Mi mamá solía decir que las cosas de cada uno son importantes, porque le pertenecen a esa persona. Sus dolores son más fuertes, sus alegrías son más vívidas, sus amores son más eternos. Porque le pasan a uno. Porque uno es el testigo, protagonista, juez, medida, balanza y lente a través de los cuales experimenta la vida.

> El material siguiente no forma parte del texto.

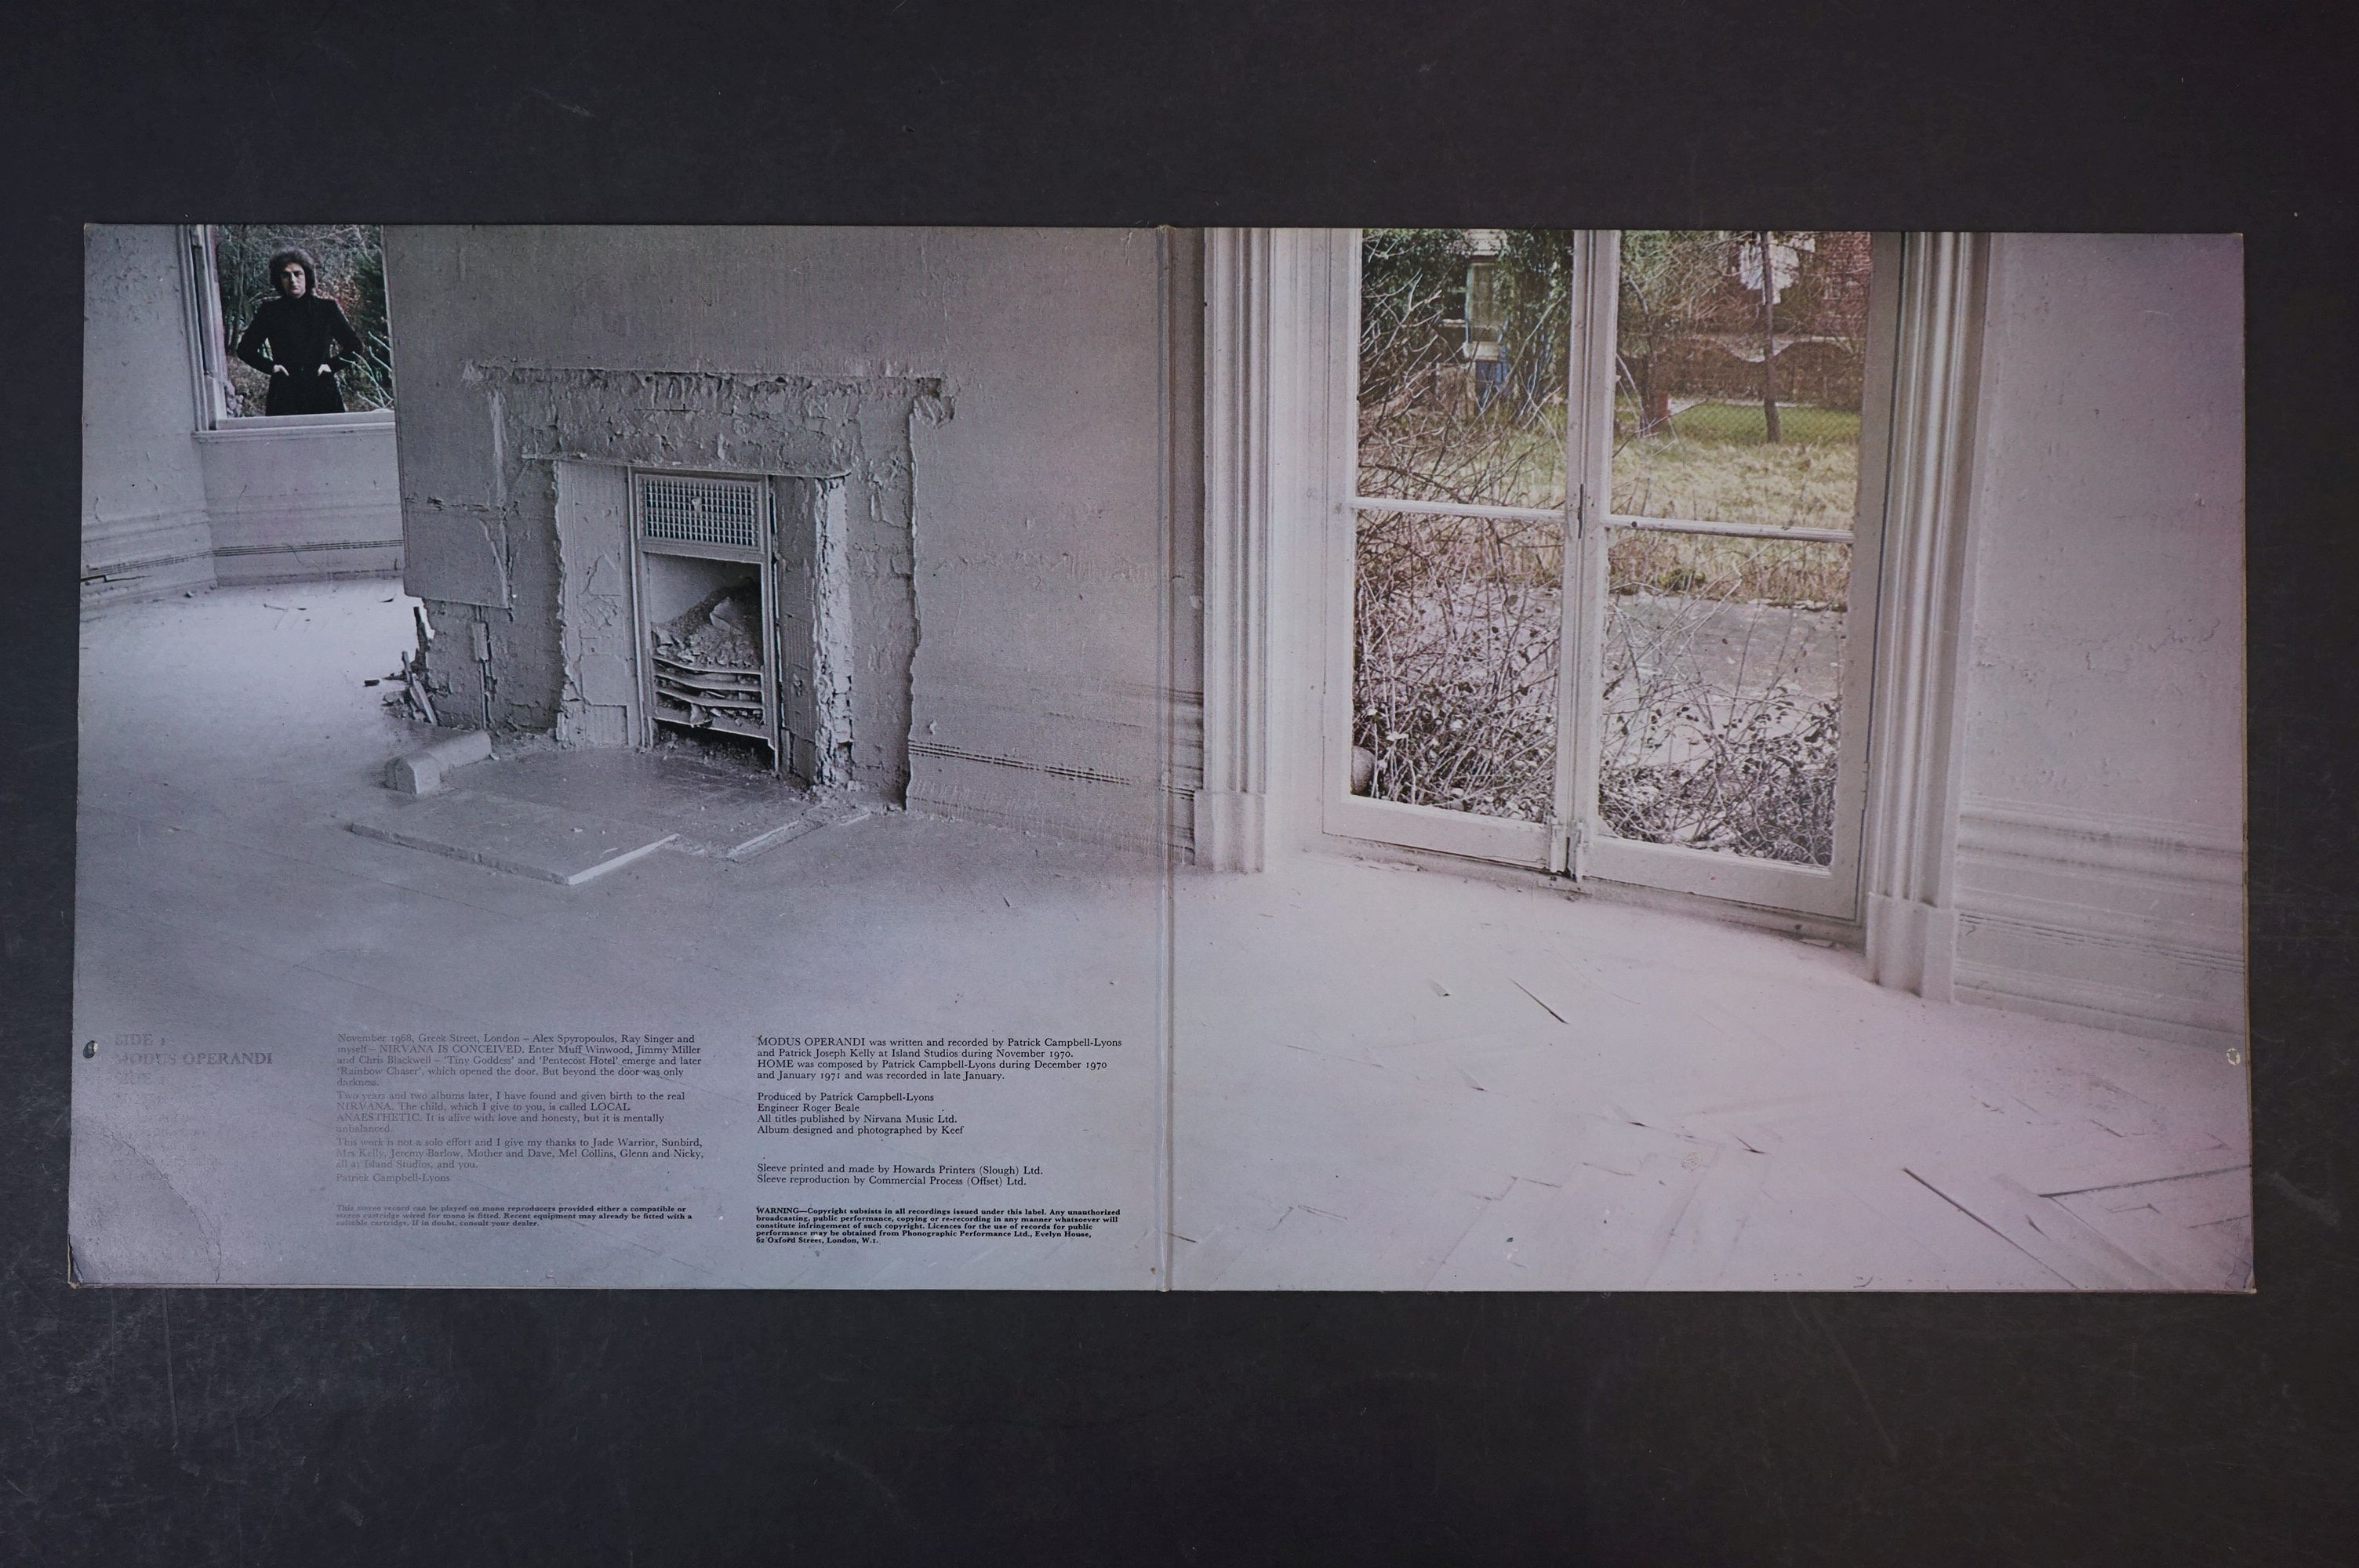 Vinyl - Nirvana Local Anaesthetic LP on Vertigo VO 6360031 gatefold sleeve, swirl logo, swirl - Image 3 of 8

Digamos que todos partimos del mismo punto: de dentro de nosotros. Todo lo que nos pasa, lo procesamos dentro de nuestro cerebro. No podemos hacerlo de otra forma. No tenemos otro cerebro. Sin embargo, una de las habilidades básicas para vivir feliz en sociedad y tener relaciones duraderas es poder empatizar, ponernos en los zapatos de nuestro vecino, tratar de ver las cosas desde su punto de vista. Escuchar qué es lo que motiva algunas acciones incomprensibles, observar qué dispara ciertas conductas, reconocer las reacciones emocionales ante estímulos que, según nosotros, no van a tener mayor impacto.
Entender a los demás nos amplía el mundo. Es como aprender a comer diferentes tipos de comida. A apreciar otro tipo de música. Al menos a tratar de darle una oportunidad. Y saber en dónde poner el límite. Porque, por mucho que lo entendamos con la cabeza, muchas veces las consecuencias de las acciones de los demás nos duelen tanto, que mejor nos alejamos. Por nuestro bien. Porque, al final del día, somos nosotros los que sentimos nuestro dolor y sabemos si podemos regresar a ponernos en la misma situación. O no.